On January 18, 2016, Kramer Levin filed an amicus brief in the United States Supreme Court on behalf of the Securities Industry and Financial Markets Association, an association of hundreds of securities firms, banks and asset managers, and The Clearing House Association L.L.C., a nonpartisan advocacy organization that represents the interests of the world’s largest commercial banks which collectively hold more than half of all U.S. deposits and employ over one million people in the United States and more than two million worldwide. The brief supports a petition for a writ of certiorari by RBS Securities Inc., and Goldman, Sachs & Co. from a decision of the Fifth Circuit Court of Appeals in a case brought by the Federal Deposit Insurance Corporation (FDIC), as Receiver for Guaranty Bank. The FDIC asserts claims under the Texas Securities Act (TSA) concerning Guaranty Bank’s purchases of mortgage-backed securities from the defendants. The Fifth Circuit construed a provision of the Financial Institutions Reform, Recovery and Enforcement Act of 1989 that extends the “statute of limitations” for the FDIC to bring “contract” or “tort” claims to permit the FDIC to bring claims under the TSA after the expiry of its statute of repose.

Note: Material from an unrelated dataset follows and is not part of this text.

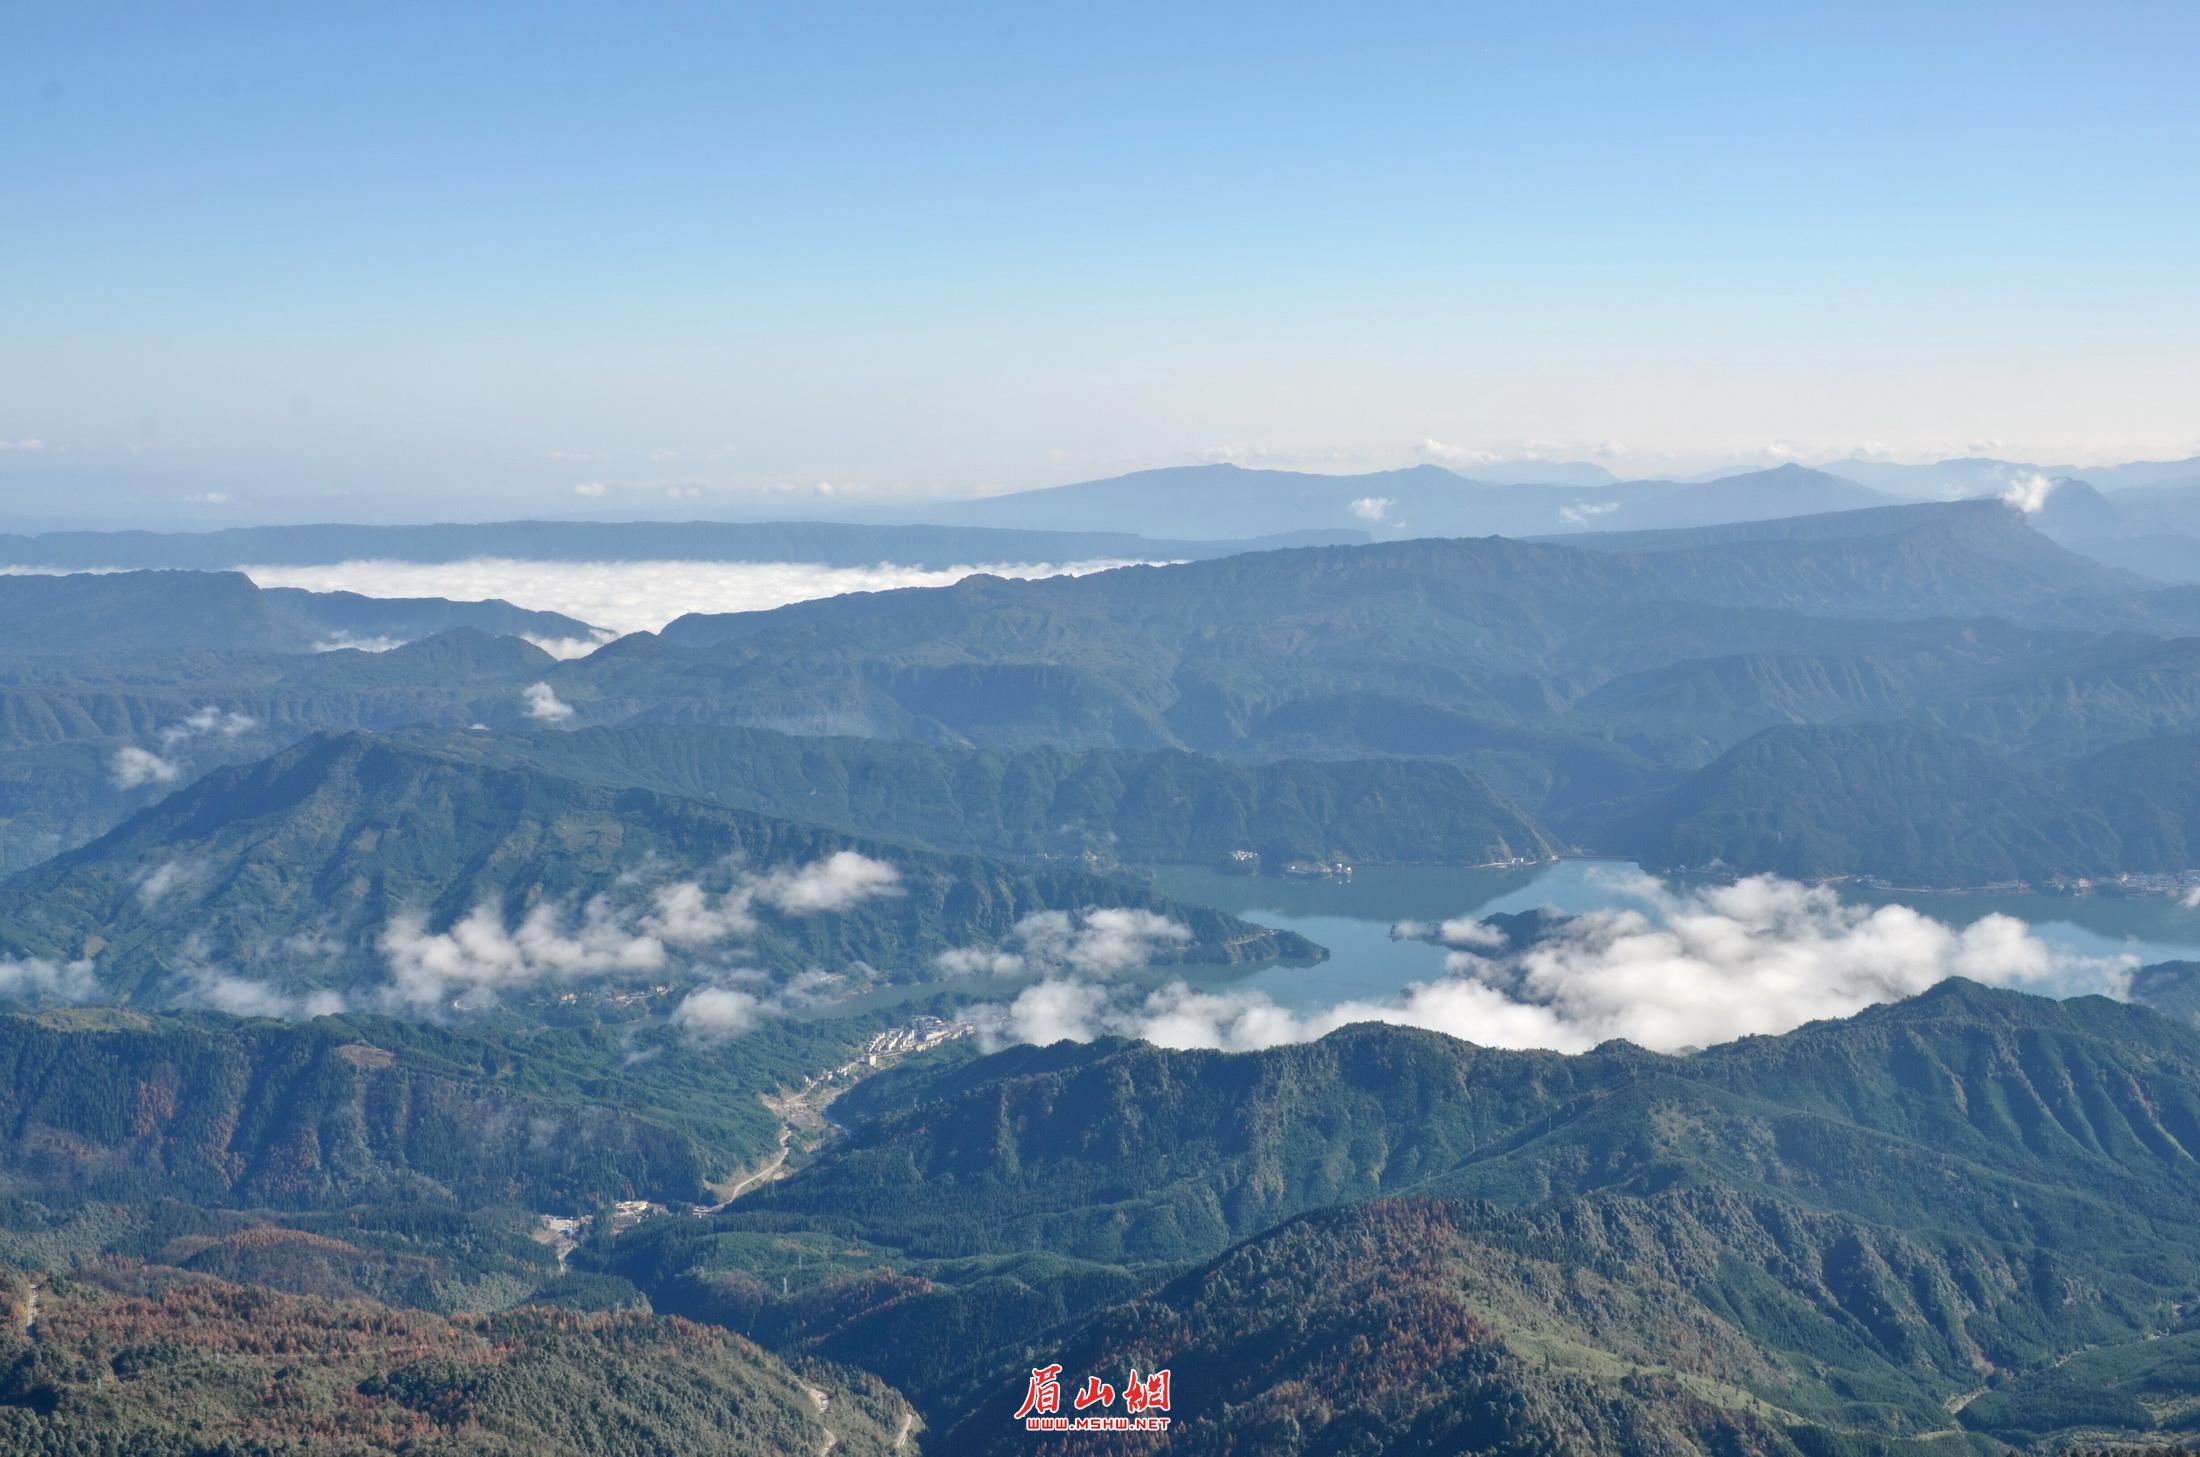 从瓦屋山顶拍摄山下雅女湖及周边景色。.jpg

The amicus brief argues that the Supreme Court should grant certiorari to determine whether the Fifth Circuit’s decision is inconsistent with a prior Supreme Court decision finding that similar language in the Comprehensive Environmental Response, Compensation and Liability Act of 1980 applied only to statutes of limitations, and not statutes of repose, and violates important federalism principles by overruling Texas’s decision to limit TSA causes of action through its statute of repose.

The case is FDIC v. RBS Securities Inc., et al., No. 15-783. The Kramer Levin team includes Litigation partner Michael J. Dell and special counsel Susan Jacquemot. Last year, Kramer Levin filed six briefs on behalf of SIFMA — three in the Second Circuit, two in the Fifth Circuit and one in the Ninth Circuit. The Clearing House joined three of these briefs and the American Bankers Association joined one.